This I Believe

Karissa - Valley Center, California
Entered on June 7, 2006
Age Group: Under 18

This I Believe

Since this assignment happens to be late and I have already heard everyone else’s “This I Believe,” it was difficult thinking of one on my own because I kept hearing other people’s ideas in my head. Another reason might have been that I had so many beliefs that I couldn’t pick one that could have encompassed all of my them. But I do believe that everything happens for a reason and that maybe I was supposed to turn this assignment in late. I say this because Wednesday night i had a sudden burst of inspiration. Wait no, let me take that back. The inspiration basically slapped me in the face. It all started with the dance banquet that I basically organized entirely on my own Wednesday evening. Mrs. Palmquist said she would allow us to have one but that all she was going to do was show up and give her speech. It was the first dance banquet that the dance program was ever going to have so everyone agreed to having a banquet, but no one did anything about it so I decided to take control. It consisted of organizing ticket sales, getting the catering done, decorating, making the videos and awards and even having to clean up after 175 people. It was a lot of work but all in all it was a success.

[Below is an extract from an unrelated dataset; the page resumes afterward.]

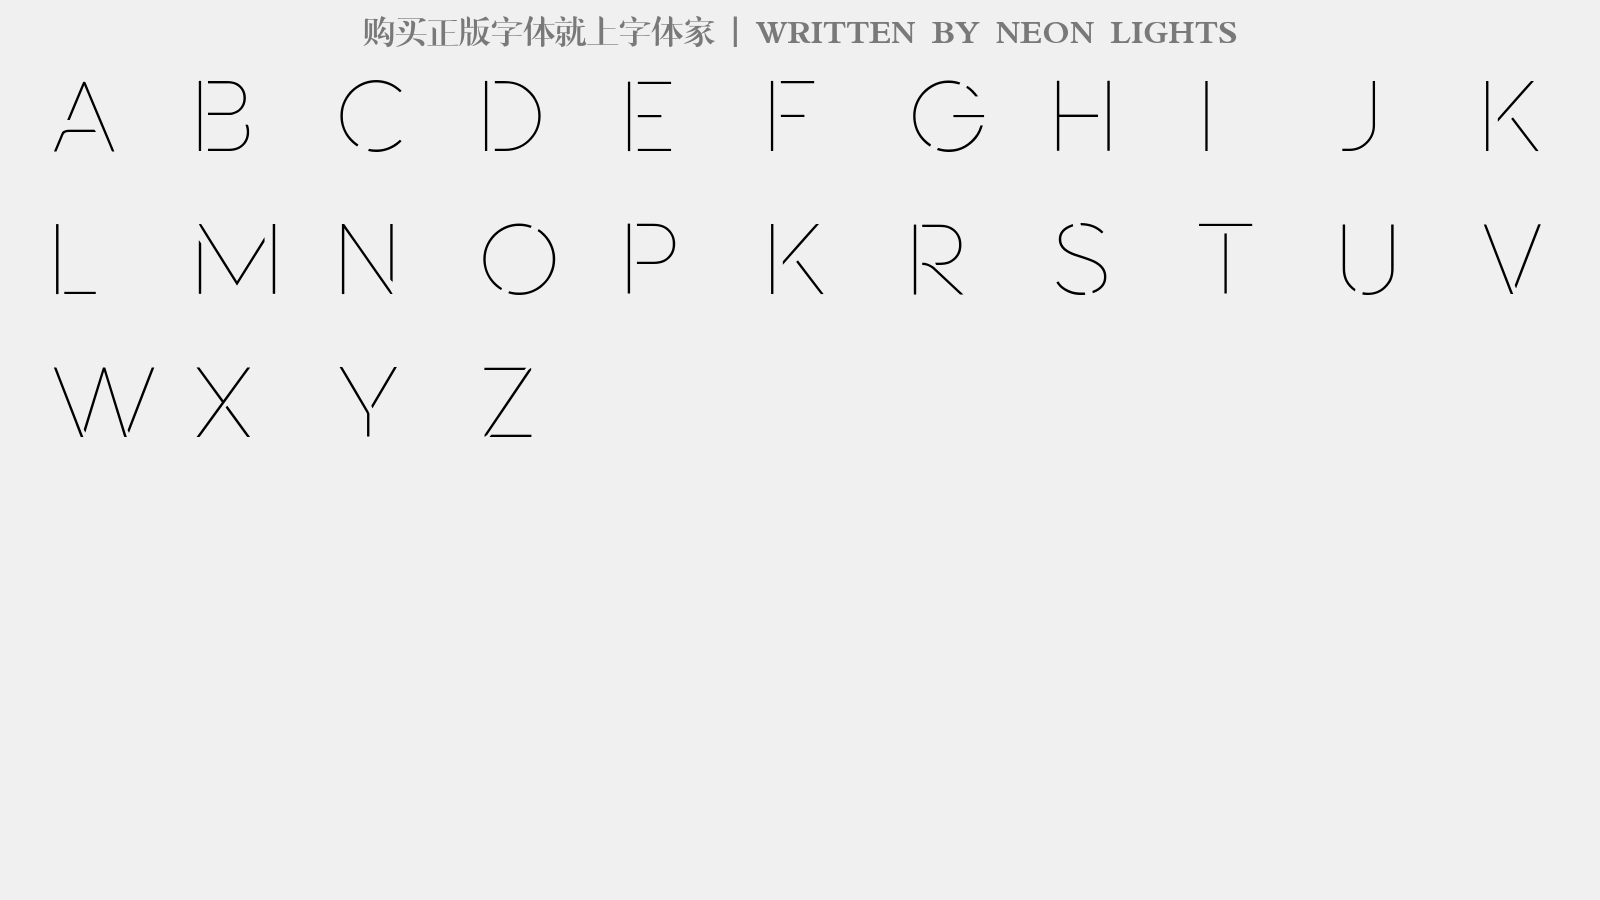 NEON LIGHTS - 大写字母/小写字母/数字

After the night, parents and students kept telling me how wonderful it was for me to do this for everyone and how proud they were of all my accomplishments that Mrs. P had announced during the banquet. I got a bunch of hugs and handshakes from parents that I didn’t even know but I smiled anyway pretending that I did. When it finally came to an end i sat in the car with my parents and I almost expected them to say “Congratulations on your awards,” or “Good job, I’m proud of you.” But i didn’t. See, every year they announce all the students who receive a GPA of 4.0 and above along with their GPA in chronological order from lowest to highest. I’m usually on the list and if anything my name is called towards the end of the list meaning it was a pretty high GPA. But this year it wasn’t. It wasn’t a surprise to me because I already knew what my GPA was. Of coarse I was upset with myself but I’ve taught myself how to move on so I did. But back in the car with my parents, it was a whole different story. I didn’t get the, “Congratulations on your awards,” or “Good job, I’m proud of you,” that I expected. It was obvious my dad noticed that my name was not called during the listing of GPA’s and so he began his typical lecture of how I work hard but not enough, and how he doesn’t believe that I will be successful in college. My reply was, “Thanks dad. I’m glad to know that your proud of me.” I have to admit, it might not have been the right way to say it to my dad knowing it would make him mad but I did anyway being completely aware that I was going to be yelled at in about 2 seconds. So I sat there with my elbow resting on the door, my chin resting on my hand, and my face turned towards the window as it usually is when this happens. The position of my body might have been the same as the other times this has happened but my feelings were different. I began to cry. Sitting in the back seat, as tears began to drip down my face I just kept repeating to myself, “Don’t let them see you cry, don’t let them see you cry or he’ll think you’re weak.” So i just kept wiping my face and sniffled as quiet as possible so they wouldn’t hear me. To keep a long story short, he just kept yelling at me about how condescending I was and how disrespectful I always am to both of them. I knew deep down I wasn’t but I also felt as though I was a big failure to my parents.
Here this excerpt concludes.